No me imagino vivir así. Mirar al futuro sin esperanzas de conseguir nada. Eso me recuerda lo privilegiada que soy por haber crecido oyendo que podría llegar a ser lo que quisiera, y sabiendo que el dinero y los contactos estaban ahí para respaldarme.

—¿En la cárcel? —Trato de aligerar el ambiente—. No te quites méritos, hombre. Con esa cara y ese cuerpo, habrías ganado una fortuna en el porno.

—¿Te gusta mi cuerpo? —Sonríe a la vez que señala su cuerpo enorme y musculoso—. Todo tuyo, T. Sube a bordo.

Dios, ojalá. Trago saliva y finjo que su atractivo no tiene efecto sobre mí.

—Paso.

—Lo que tú digas, mujer.

Pongo los ojos en blanco.

—Y tú ¿qué? —me pregunta—. ¿Qué estudias? No, espera. Déjame que lo adivine. —Conor entrecierra los ojos y se me queda mirando—. Historia del Arte.

Niego con la cabeza.

—Periodismo.

Otro gesto negativo.

—Mmm… —Me observa con mucha más intensidad y mordiéndose el labio.
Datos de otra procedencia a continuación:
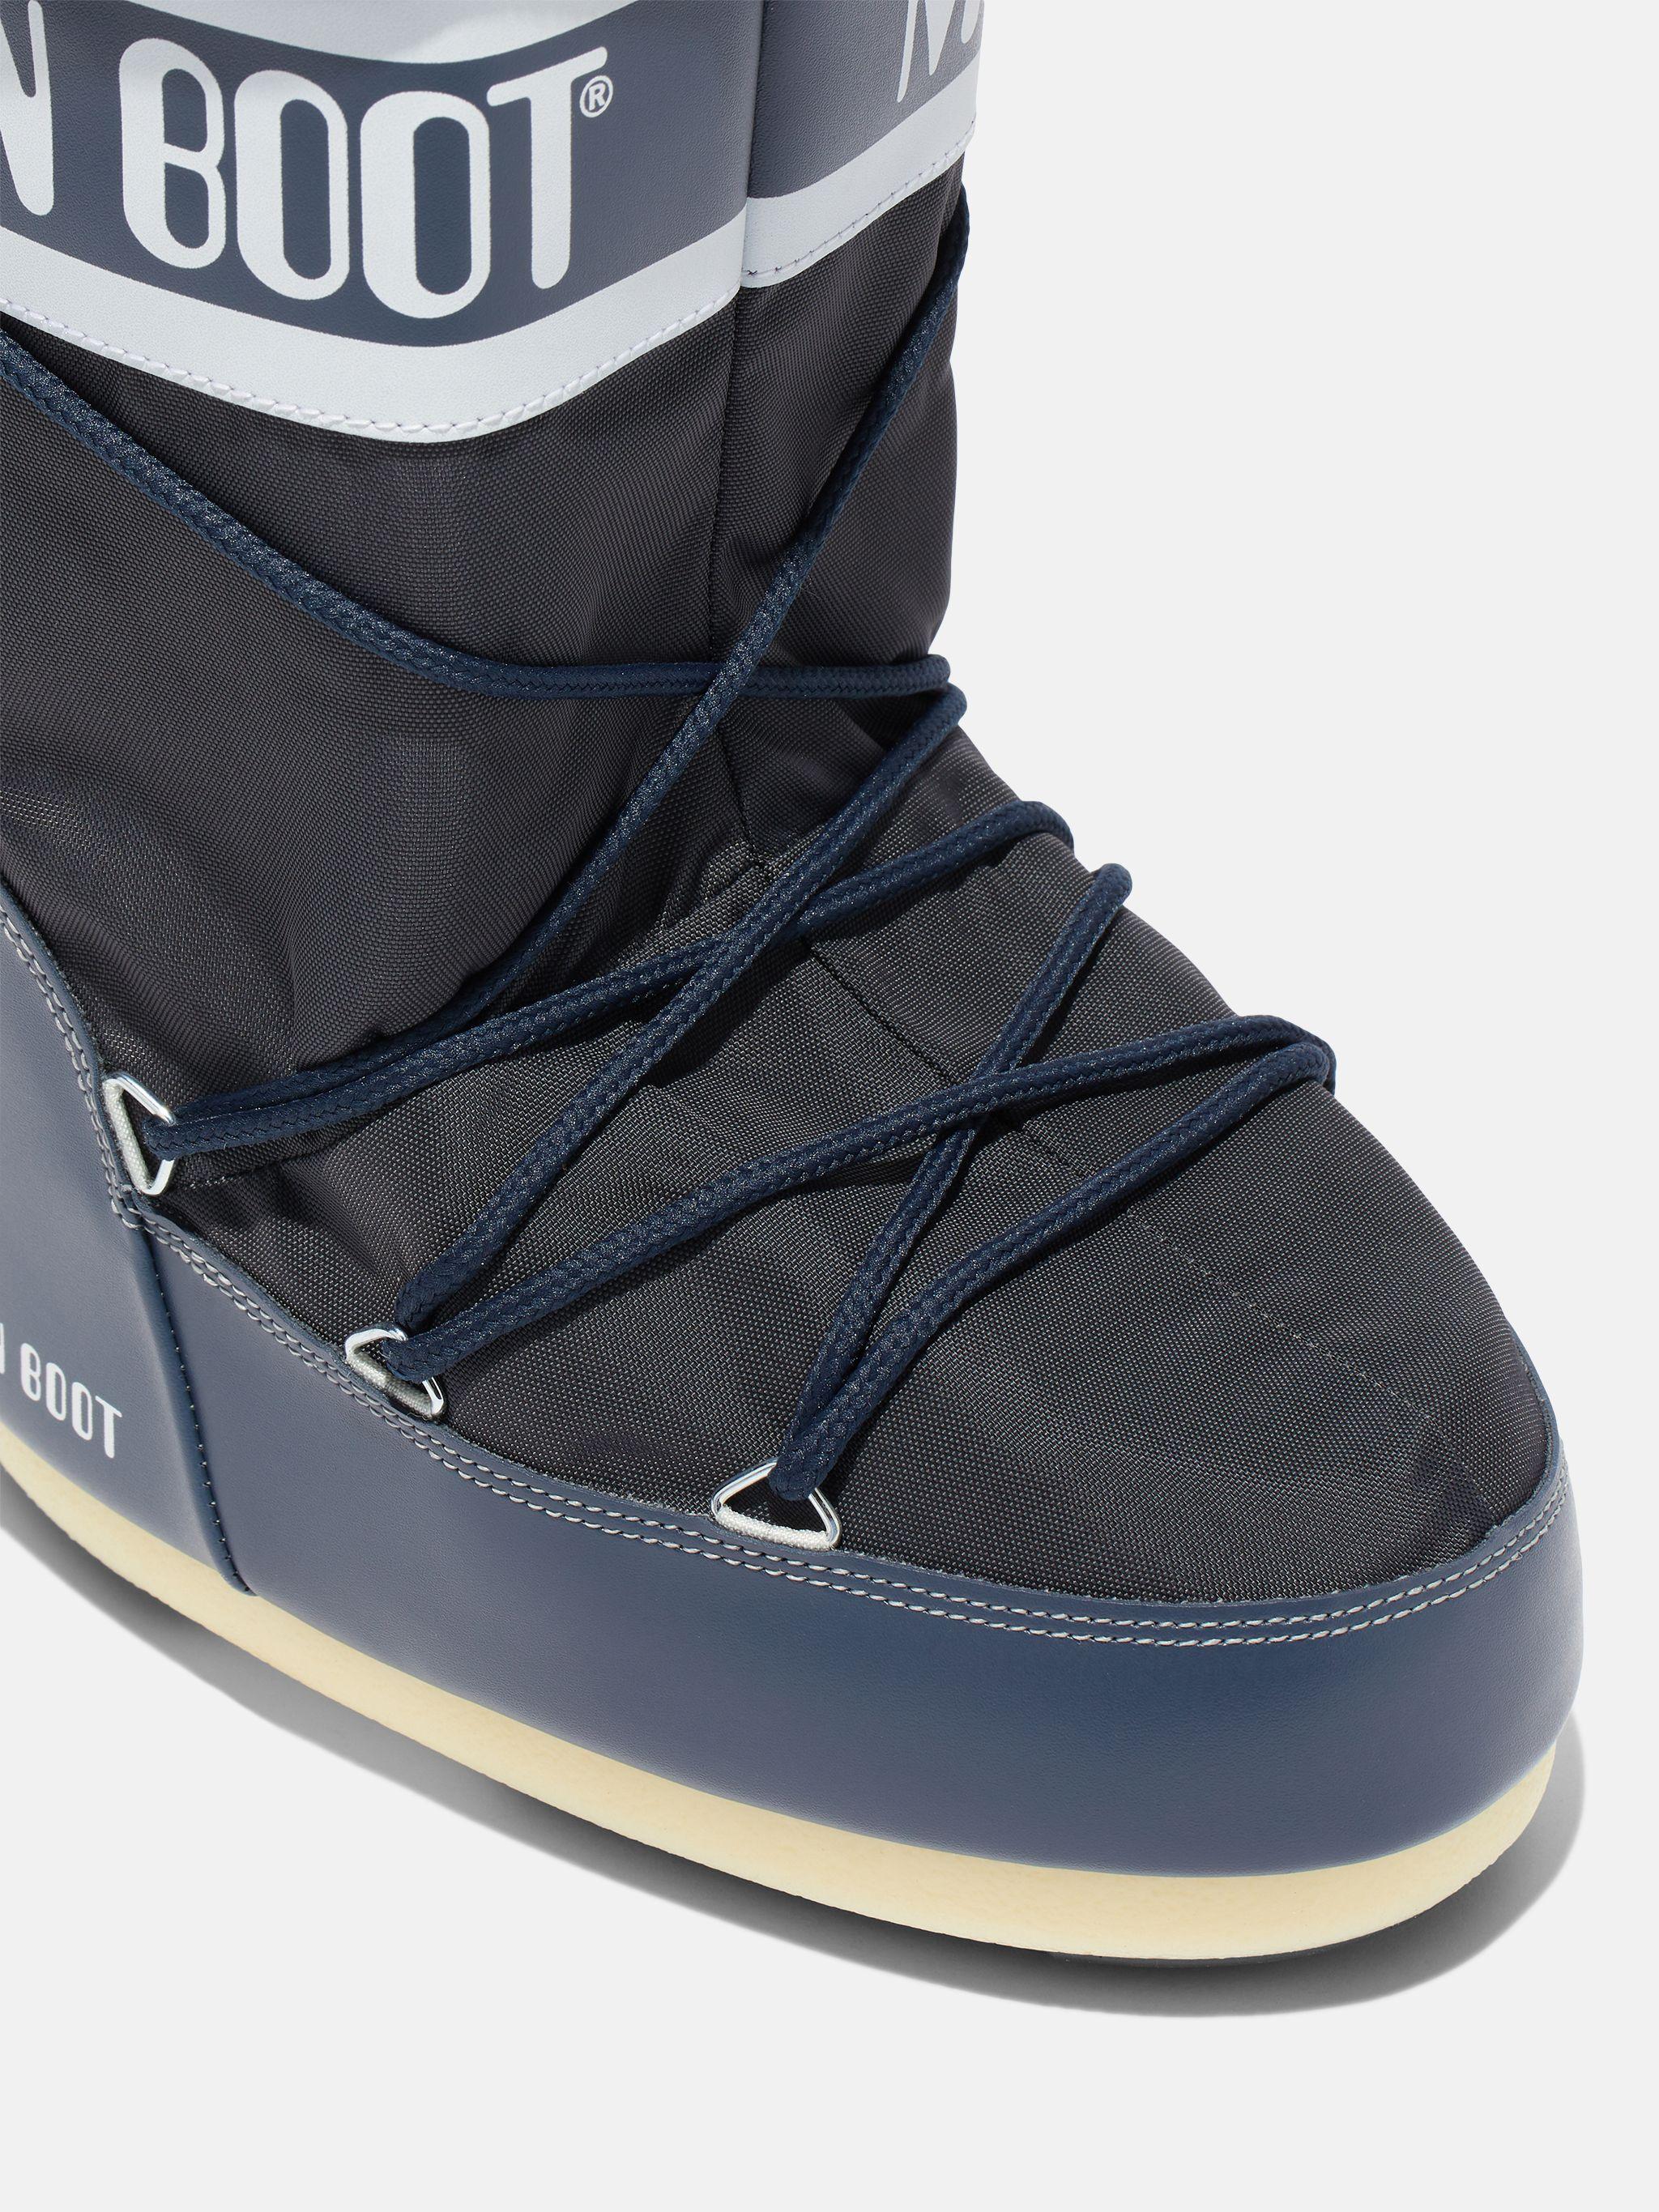 ICON JUNIOR MID-BLUE NYLON BOOTS

Dios, qué boca más apetecible tiene—. Diría Psicología, pero conozco a uno de esos y tú no eres así.

—Educación Primaria. Quiero ser profesora.

Enarca una ceja y luego me lanza una miradita casi… hambrienta.

—Qué sexy.

—¿Qué tiene de sexy? —pregunto, incrédula.

—Todos los tíos hemos fantaseado alguna vez con tirarnos a una profesora. Nos pone.

—Los hombres sois muy raros.

Conor se encoge de hombros, pero el deseo sigue tiñendo su rostro.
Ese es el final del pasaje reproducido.